CASTEP is a UK flagship materials modelling software package, which uses Density Functional Theory (DFT) to predict and explain mechanical, physical, electronic and chemical properties of materials. It is used by thousands of academic and industrial research groups across more than 60 countries, and heavily used on ARCHER2, where it routinely exceeds 5% of total monthly usage. The aim of this eCSE project was to substantially improve the parallel performance of CASTEP, reducing the time-to-science and extending the range of compute cores which may be used efficiently. This was to be achieved by re-engineering CASTEP’s main distributed memory parallel decomposition, and extending and optimising CASTEP’s shared memory parallelisation.
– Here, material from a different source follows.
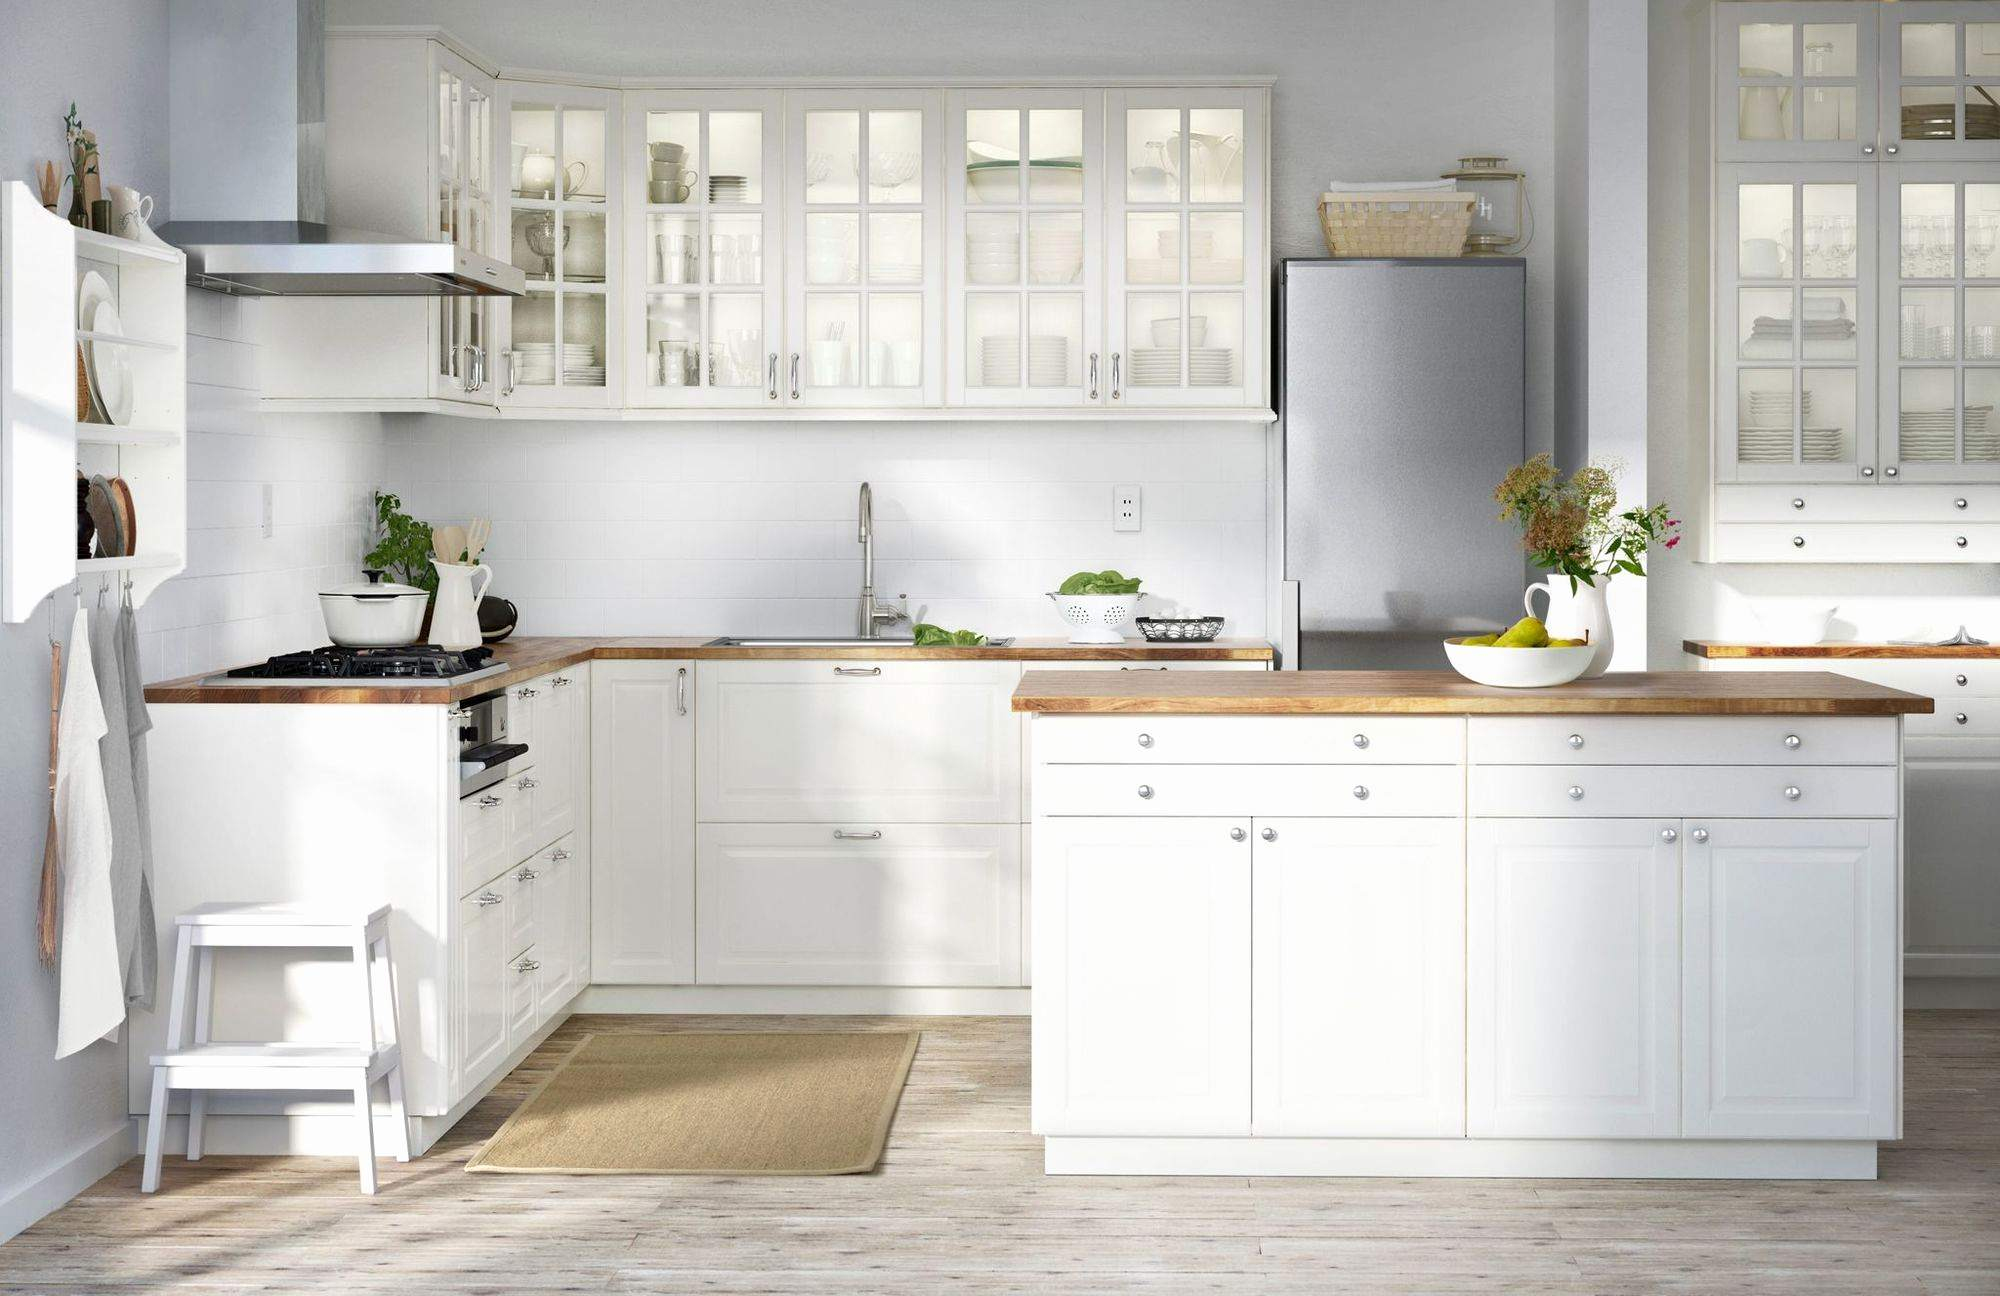 Cuisine Mobalpa Avis 2015 Élégant Collection Cuisine Ikea Avis Meilleur De Meuble Haut Cuisine Leroy Merlin Dans

DFT is a form of quantum mechanics, which has become one of the most widely used research tools for studying the behaviour of matter at the nanoscale. In principle the properties of materials could be predicted by solving the many-electron Schrödinger equation, but solving it directly is not practical for systems of more than a few electrons, as the computer memory required for such problems scales exponentially with the number of electrons. Instead, the fundamental DFT theorems prove that all ground state properties of a system depend only on the electron density ρ(r), which does not have a problematic memory scaling with the number of electrons. The energy functional is of particular interest, as by knowing the energy and its derivatives one can predict the lowest energy (ground state) structure of a material or molecule, which is the most stable state and therefore the state most likely to be found in nature under ambient conditions. The exact energy functional is unknown, but relatively simple approximations can yield highly accurate results, and this favourable balance of computational cost and accuracy has led to approximately 30,000 papers using DFT published each year (of which CASTEP users account for roughly 10%).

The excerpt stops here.